你初始化/转换你的 x_train 的方式出了问题(我认为这是一个错误,或者你使用了一些不寻常的方式来构造你的数据),现在你的 x_train 实际上是一个数组数组,而不是一个多维数组。所以 TensorFlow 根据其形状“认为”你有一个一维数组,这不是你想要的。解决方案是在发送到 fit() 之前重建数组:
x_train = np.array([np.array(val) for val in x_train])
问题2
密集层期望您的输入具有形状 (batch_size, ..., input_dim),这意味着您的 x_train 的最后一个维度必须等于 input_dim,但您有 300,这与 400 不同。
根据你的描述,你的输入维度,也就是词向量维度是300,所以你要把input_dim改成300:
model.add(Dense(20, input_dim=300, kernel_initializer='he_uniform', activation='relu'))

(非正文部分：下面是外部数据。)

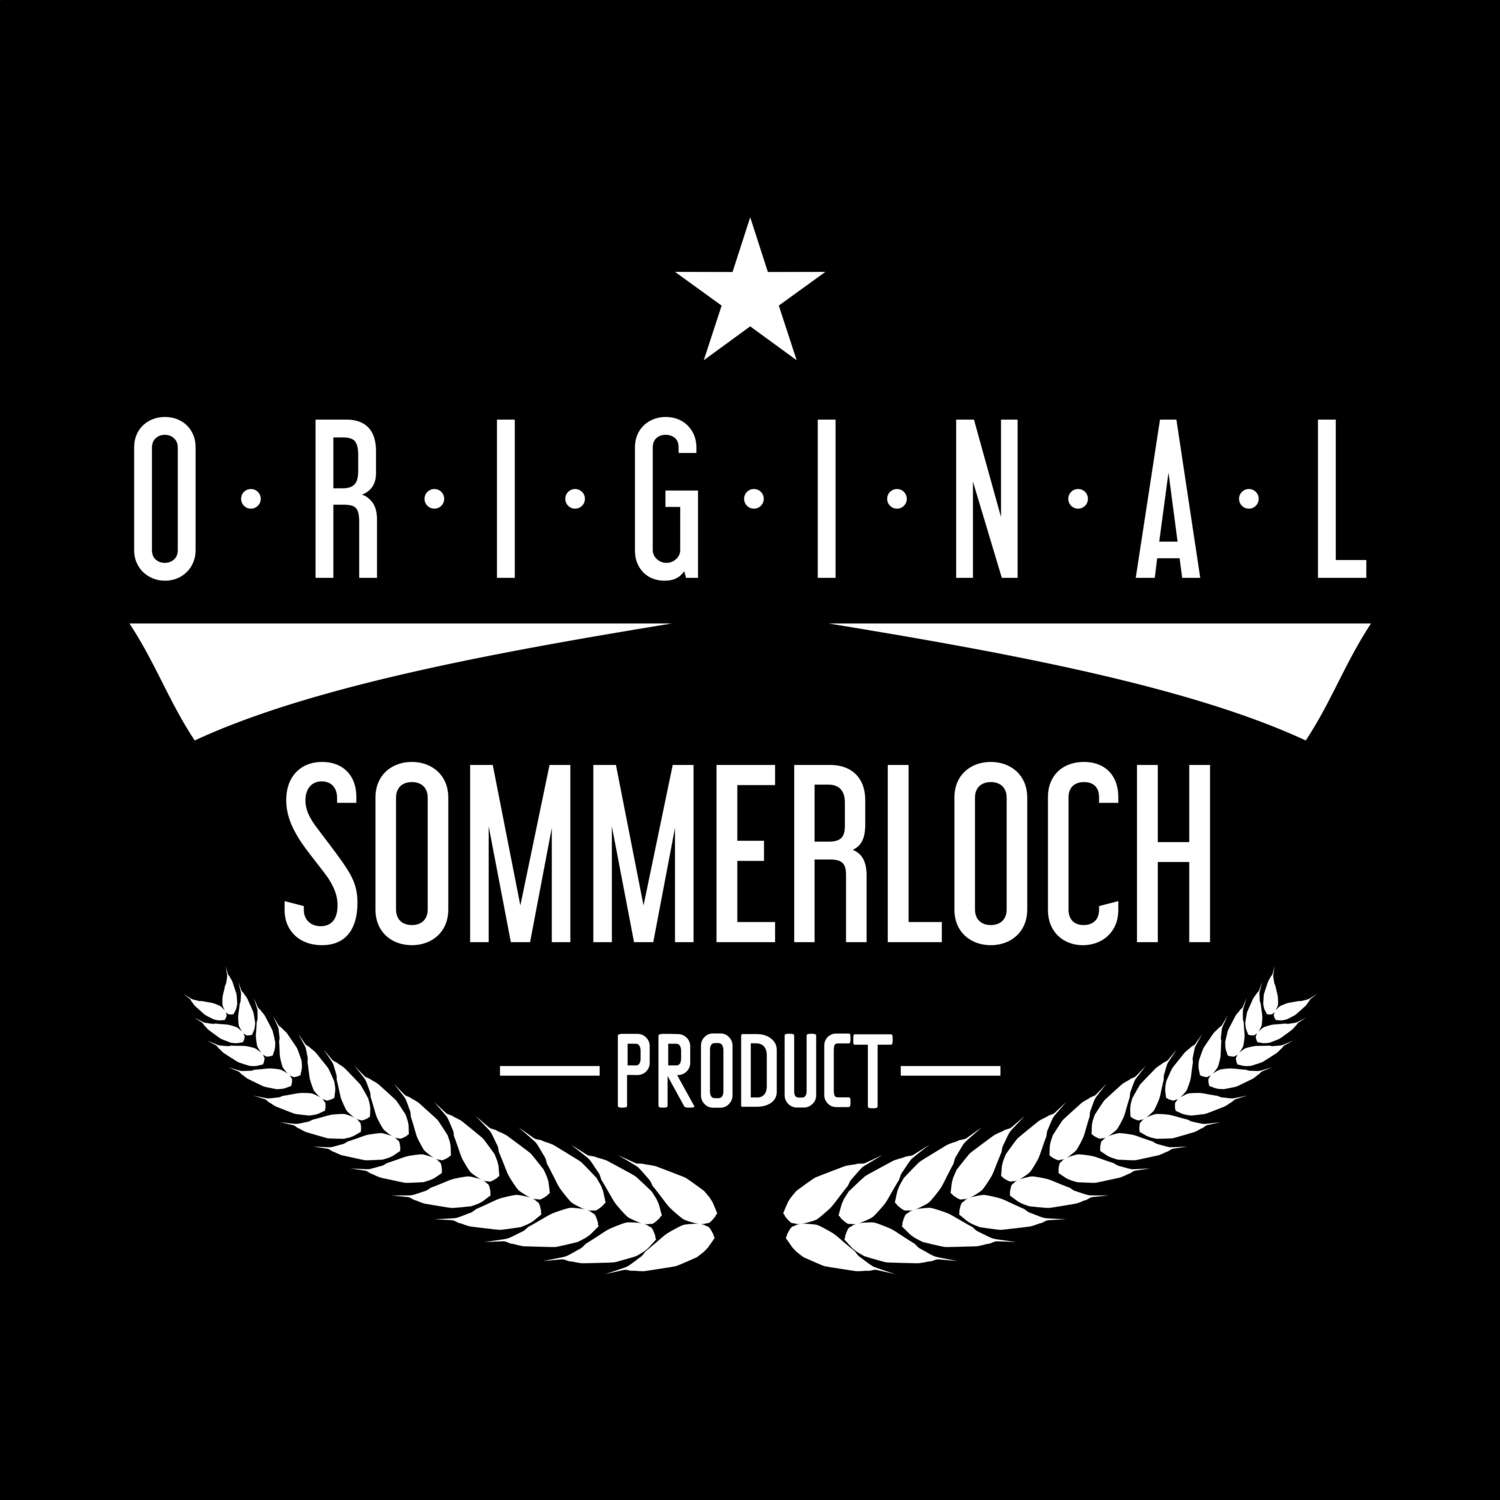 Sommerloch T-Shirt »Original Product«

或者等效地,直接提供 input_shape 而不是
model.add(Dense(20, input_shape=(400, 300), kernel_initializer='he_uniform', activation='relu'))
问题3
因为密集层,又名线性层,是针对“线性”输入的,所以它期望它的每个数据都是一维向量,所以输入通常类似于 (batch_size, vector_length)。当 dense 接收到维度 > 2 的输入(你有 3 个维度)时,它将对最后一个维度执行 Dense 操作。引用自 TensorFlow 官方文档:
Note: If the input to the layer has a rank greater than 2, then
Dense
computes the dot product between theinputs
and thekernel
along the last axis of theinputs
and axis 1 of thekernel
(usingtf.tensordot
).For example, if input has dimensions(batch_size, d0, d1)
, then wecreate akernel
with shape(d1, units)
, and thekernel
operatesalong axis 2 of theinput
, on every sub-tensor of shape(1, 1, d1)
(there arebatch_size * d0
such sub-tensors). The output in thiscase will have shape(batch_size, d0, units)
.
这意味着您的 y 应该具有形状 (462, 400, 9) 而不是。这很可能不是您正在寻找的(如果这确实是您正在寻找的,问题 1 和 2 中的代码应该已经解决了您的问题)。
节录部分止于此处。